According to the KGB general M. Dokuchaeva, Nikita Khrushchev literally lay at Stalin’s feet, begging him not to shoot his son. He admitted that Leonid was very guilty, but asked that he be punished in any way, just spare his life. Stalin responded to this: “I can’t help you with anything.” Khrushchev began to sob, knelt down, crawled to Stalin’s feet, he was confused, called security, then the doctors appeared. They tried to bring Khrushchev to his senses, but he did not calm down and kept repeating: “Have mercy... Don’t shoot...”

Who to believe?

Third wife of Nikita Sergeevich, Nina, mentioned more than once that Leonid Khrushchev did not die like a hero. These words sounded from the lips Molotov. But the “heroic” version was always supported by Khrushchev’s relatives. Western historians They also spread the opinion in every possible way that Leonid Khrushchev died in a fair battle. Apparently, they needed this in order to under no circumstances allow the slightest shadow on the bright image of Nikita Khrushchev - the man who overthrew Stalinism. In any case, this explanation seems quite logical.

And who takes opposing positions, who emphasizes in every possible way that Khrushchev Jr. stained himself with betrayal and was shot in Stalin’s dungeons? First of all - Sergo Beria, son Lawrence Beria. Then - Dmitry Yazov, former Minister of Defense of the Soviet Union. Next - Vladimir Karpov, famous historical writer. Nikolay Dobryukha, a Russian publicist, is convinced: it was precisely that very meeting between Nikita Khrushchev and Joseph Stalin, when the first, according to rumors, crawled on his knees, begging to save his son, and the second coldly refused, and became the reason for Khrushchev’s fierce hatred of the Generalissimo. It is from here that the debunking of Stalin's personality cult originates - and after the death of the leader, Khrushchev did not forgive him and did everything possible to tarnish his name before his descendants.


They say many have heard careless words Khrushchev - he said something like this: “ Lenin I avenged my brother on the Tsar, and I will avenge my son on Stalin. Even if it’s dead!”

Father's verdict

Now, probably, it is hardly possible to say with complete confidence which version is true. But there are facts that make you think.

Nikita Khrushchev, already the Secretary General of the USSR, never made an attempt to rehabilitate Leonid, although, it would seem, he should have tried with all his might to remove the shameful stain from his son’s name.
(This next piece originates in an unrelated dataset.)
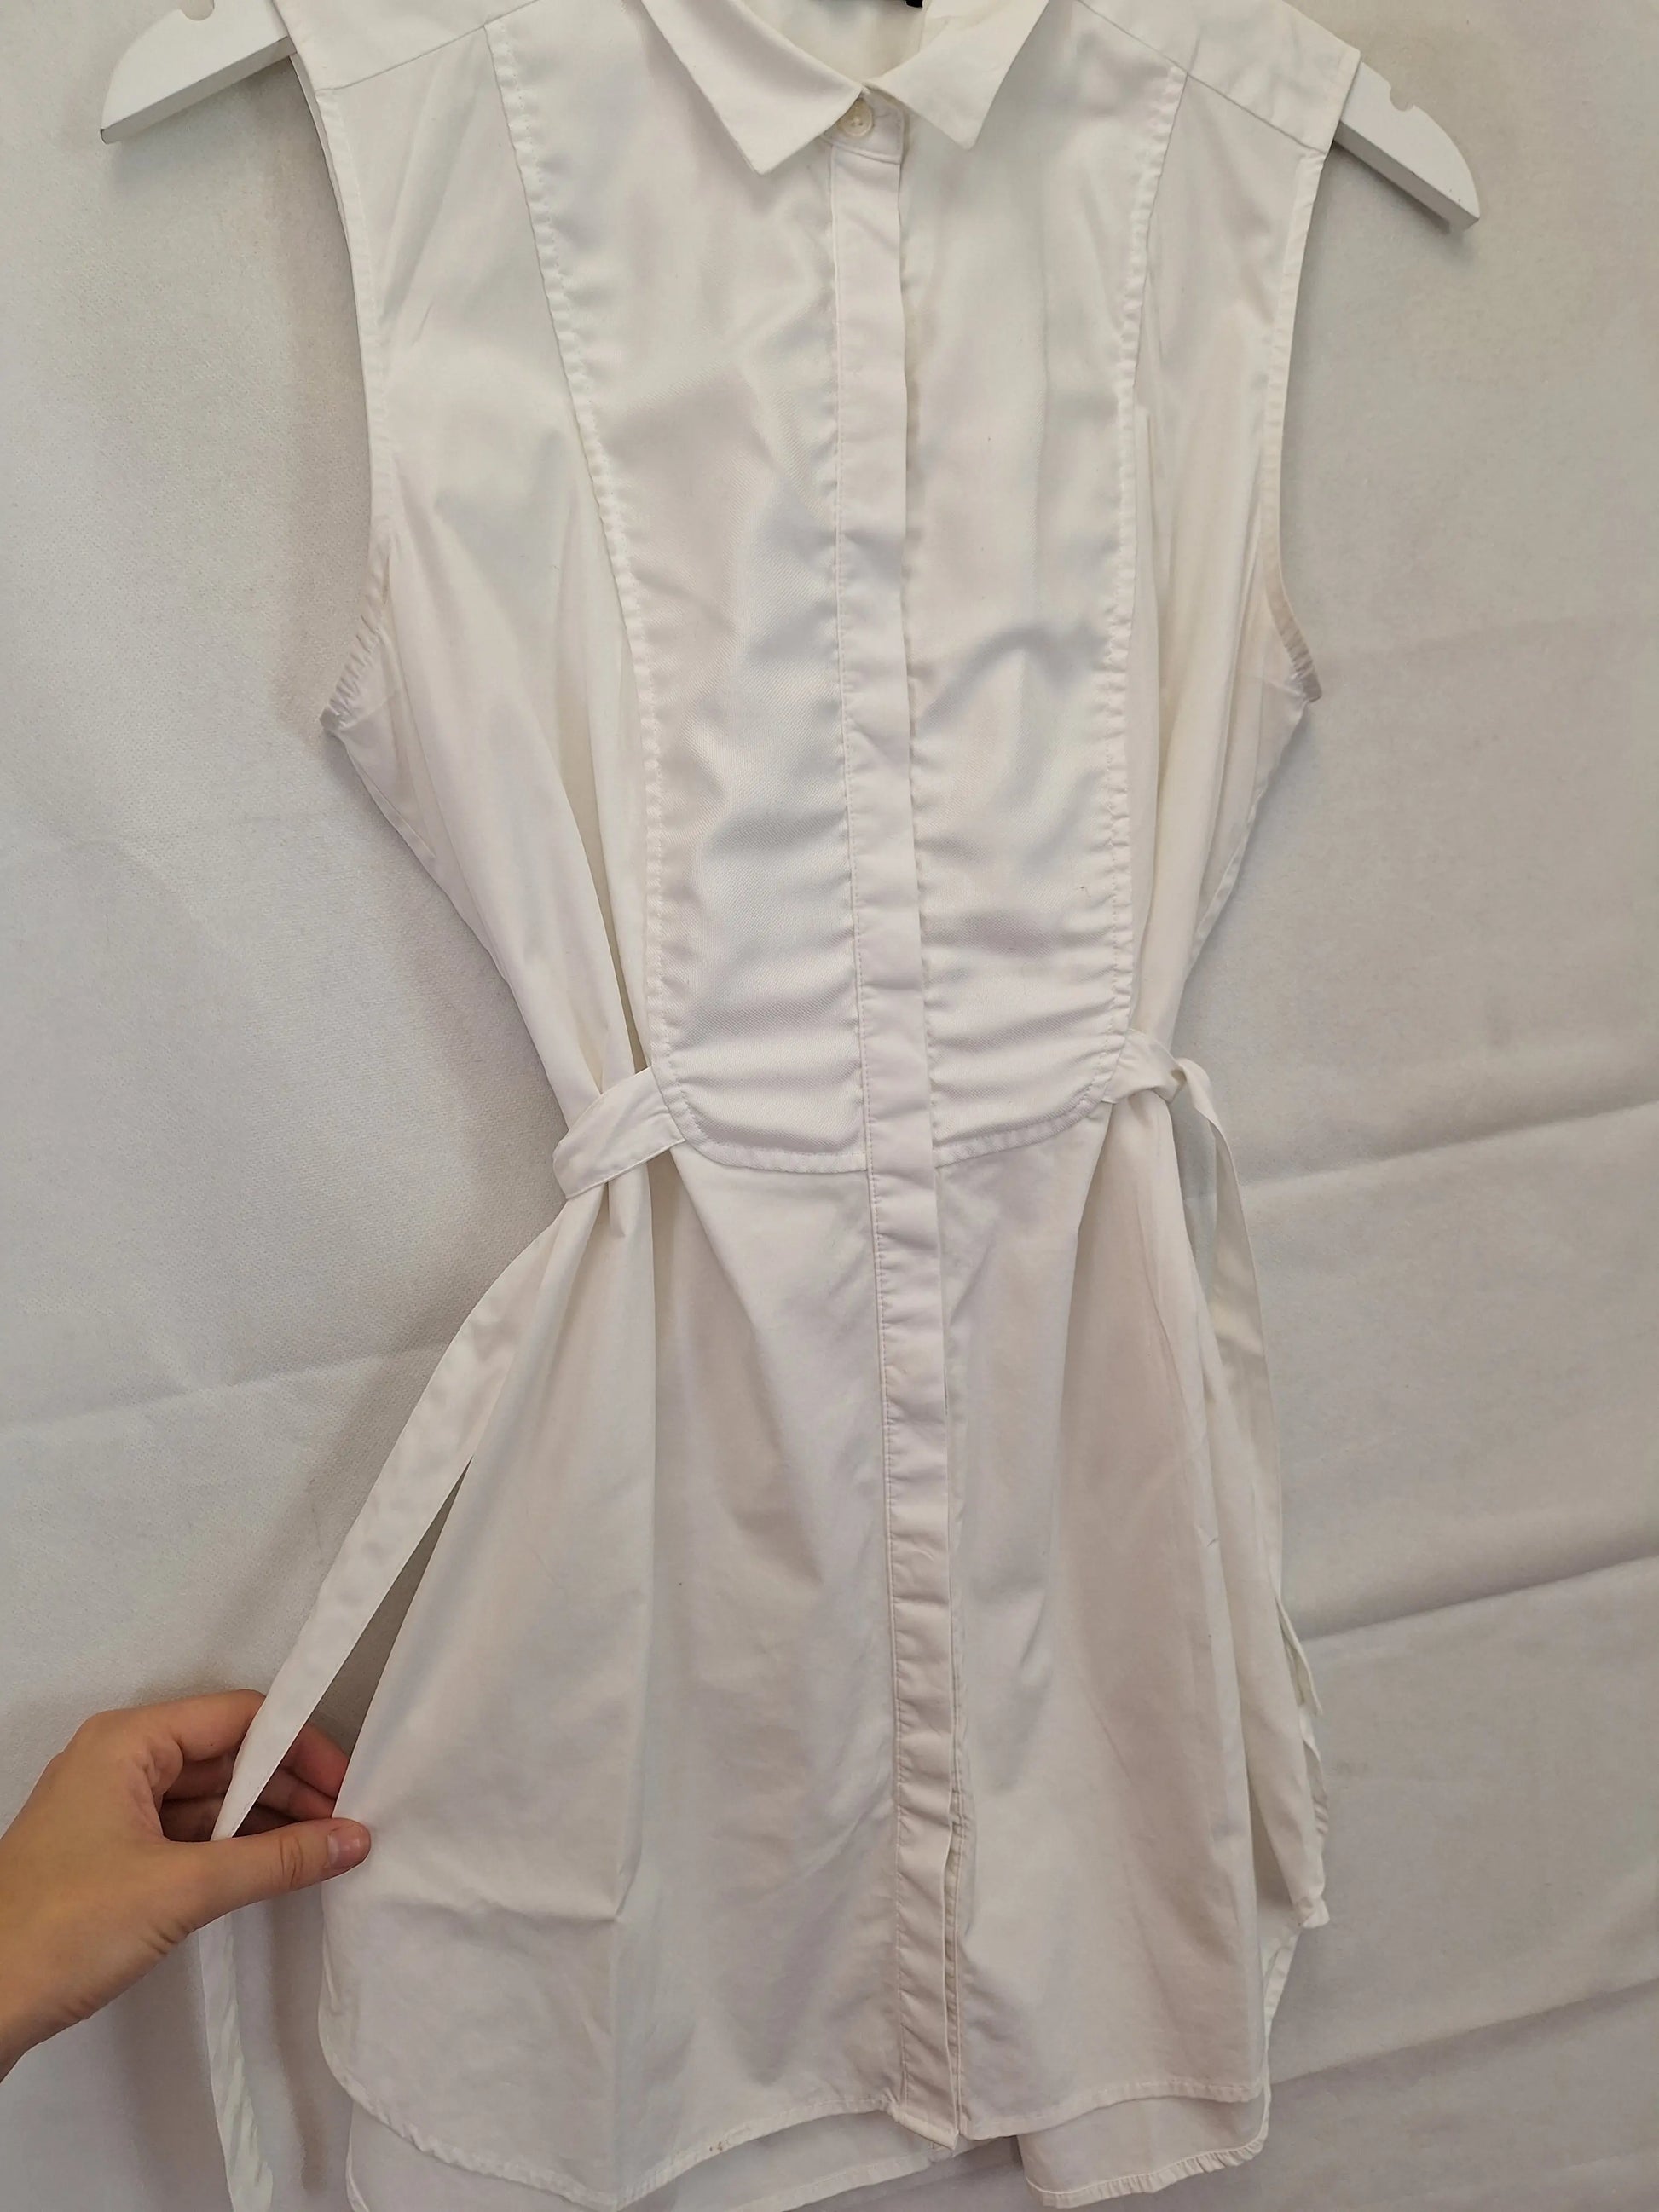 Saba Crisp White Sleeveless Scoop Shirt Size 12 by SwapUp-Online Second Hand Store-Online Thrift Store

One more fact. After Leonid Khrushchev disappeared - either died or was arrested - his wife was arrested I love you. Relatives claim that she is an employee of foreign intelligence. In fact, the documents have a different wording - she was imprisoned as a member of the family of a traitor to the Motherland, and with this wording during the war, only relatives of traitors who agreed to work for the Germans were imprisoned.

Lyuba was released only after the war - in the 50s, and Nikita Khrushchev showed absolutely no interest in her fate. He simply crossed out his daughter-in-law from his life. Strange? No, it’s quite understandable, if you believe the statement of Molotov, who claimed that after the execution of Leonid Khrushchev, his father renounced him, and publicly.

On the other side of the scale is only the testimony of the pilot Zamorin about the heroic death of Leonid. But this evidence, as many historians believe, is quite likely false. It still needs to be examined. When this is done - perhaps in national history There will be another debunking.